Nico : (sourire) J’ai toujours un peu honte de le raconter mais enfin bon, ça fait partie de l’histoire du groupe. On a fondé le groupe à trois lors d’une soirée de zicos bien trop arrosée. J’étais avec deux potes dont un de longue date et on parlait musique tout en vidant des verres, et, inévitablement, a un moment on s’est dit qu’il fallait qu’on fasse un groupe ensemble, histoire de jouer du "n’importe quoi". Une fois l’accord passé, toujours à cette même soirée, et encore plus enivrés, on a essayé de trouver le nom du groupe, et comme tu le sais, c’est toujours le truc le plus dur de la terre à faire ! L’un de nous a levé la tête pour réfléchir et a regardé l’heure, perdu dans ses pensées. Il était 6:33 et c’est comme ça que le nom du groupe est né ! Le lendemain, après avoir sérieusement décuvé, on s’est rappelé et on a décidé de conserver ce nom de groupe étranger. Voilà tu sais tout.
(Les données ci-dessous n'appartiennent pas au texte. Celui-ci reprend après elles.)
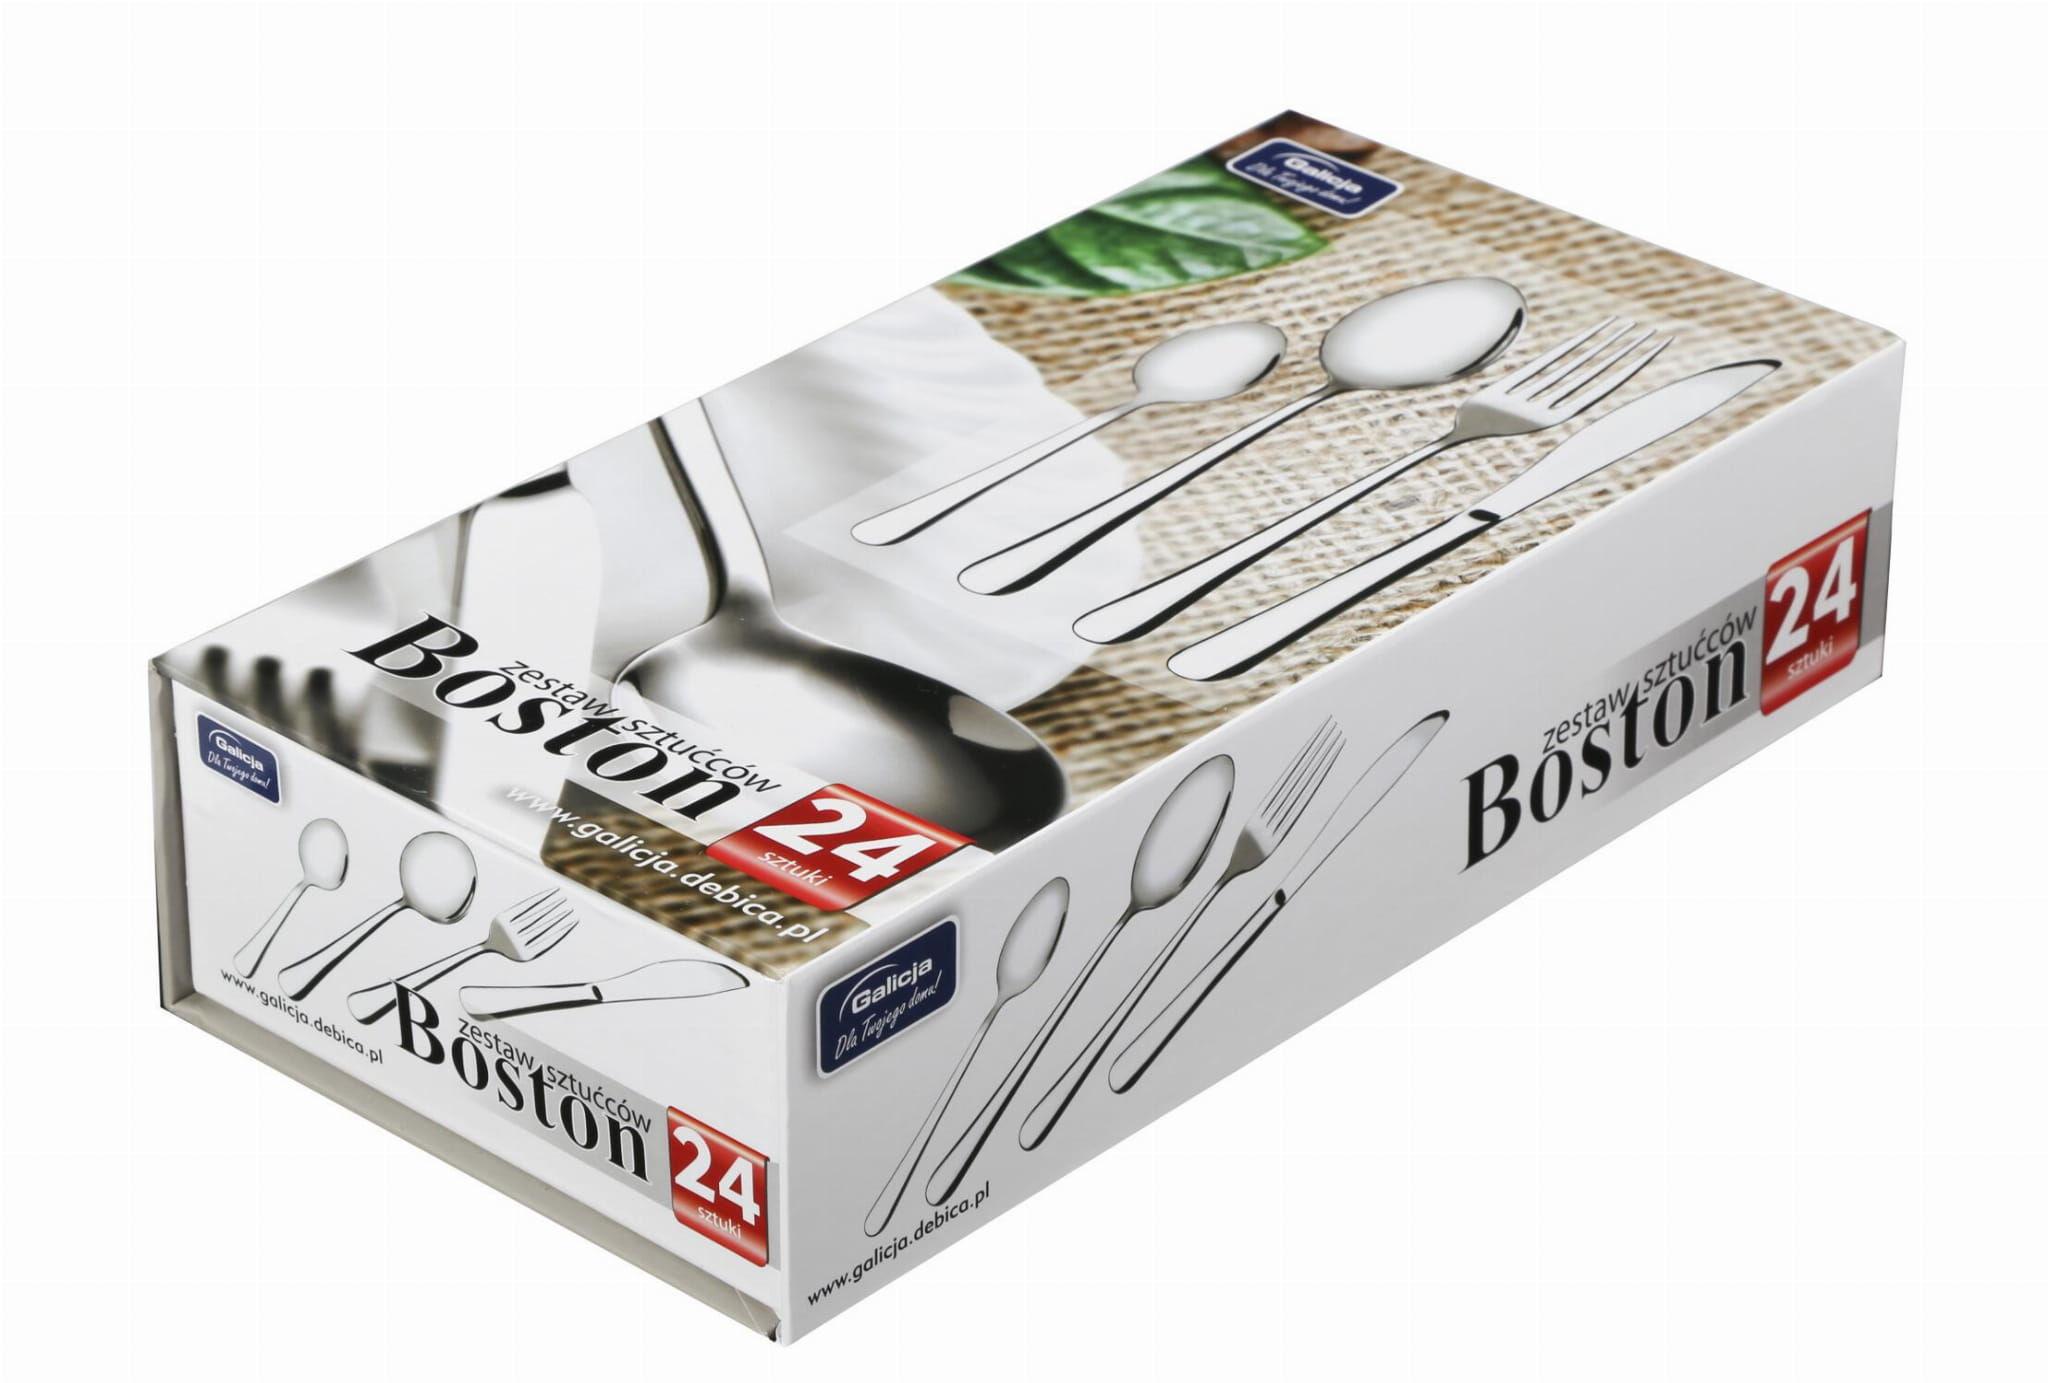 Zestaw sztućców BOSTON 24 części

(Arrivée discrète dArno Strobl)

A l‘image de votre nom de groupe plutôt singulier, votre musique est elle aussi plutôt singulière et riche de pas mal d’influences différentes. Dites m’en plus sur vos influences musicales.
Nico : Y'a un peu de tout, mais il est vrai que certaines influences ressortent plus que d’autre dans notre musique, comme Devin Townsend par exemple. Il y a un gros côté "musique de film" car pour ma part je suis un grand fan de Elfman et de Morricone. Je pense que ce sont les influences qui ressortent le plus dans notre musique.
Arno : Me concernant cela va du jazz au death metal. J’écoute autant John Coltrane que Napalm Death. Tout a une influence sur ma façon de chanter.
Nico : Dans cet album on a vraiment voulu mettre toutes nos influences. Je pense que le seul truc qu’il n’y a pas sur l’album c’est du trip hop, des trucs calmes.
Arno : J’écoute beaucoup de hip hop, et on n’en retrouve pas dans l’album, à cause de Nico qui déteste ça. (rires) Sans lui je pense qu’il y en aurait dans l’album.
Nico : Je me rappelle un jour tu es venu et tu as sorti un truc "Et si on faisait un petit passage à la Wu Tang ?". Euh non en fait. (rires)
Arno : C’est vrai que j’aime le hip hop, mais Nico n’aime pas ça. On a vraiment essayé de conjuguer toutes nos influences. J’ai même essayé de pousser un peu dans le chant grindcore mais je me suis fait stopper par Nico et Manu.

Bien, nous sommes ici pour parler de "The Stench From The Swelling" qui est votre premier album avec 6:33. Le premier EP "Giggles, Garlands & Gallows" a été unanimement salué par la critique. Face à tant de bons sentiments, vous êtes-vous mis encore plus de pression quant à la sortie de l’album complet ?
Nico : On a eu une petite pression une fois l’album fini. On a eu le nez dedans pendant longtemps, du coup on a perdu les repères et le discernement nécessaire, on n’a pas pris assez de recul, et il y a des moments, je me souviens où on se regardait en se demandant "Tu le trouves aussi bien que l’EP ?". On essayait de se rassurer mutuellement.
Arno : À mon niveau je n’ai jamais eu aucun doute. Je trouvais les 3 titres de l’EP énormes, et quand j’ai écouté les 4 titres qui allaient compléter l’album, je n’ai eu absolument aucun doute. Ca fait prétentieux de dire ça mais je pense que là on a sorti un album vraiment énorme.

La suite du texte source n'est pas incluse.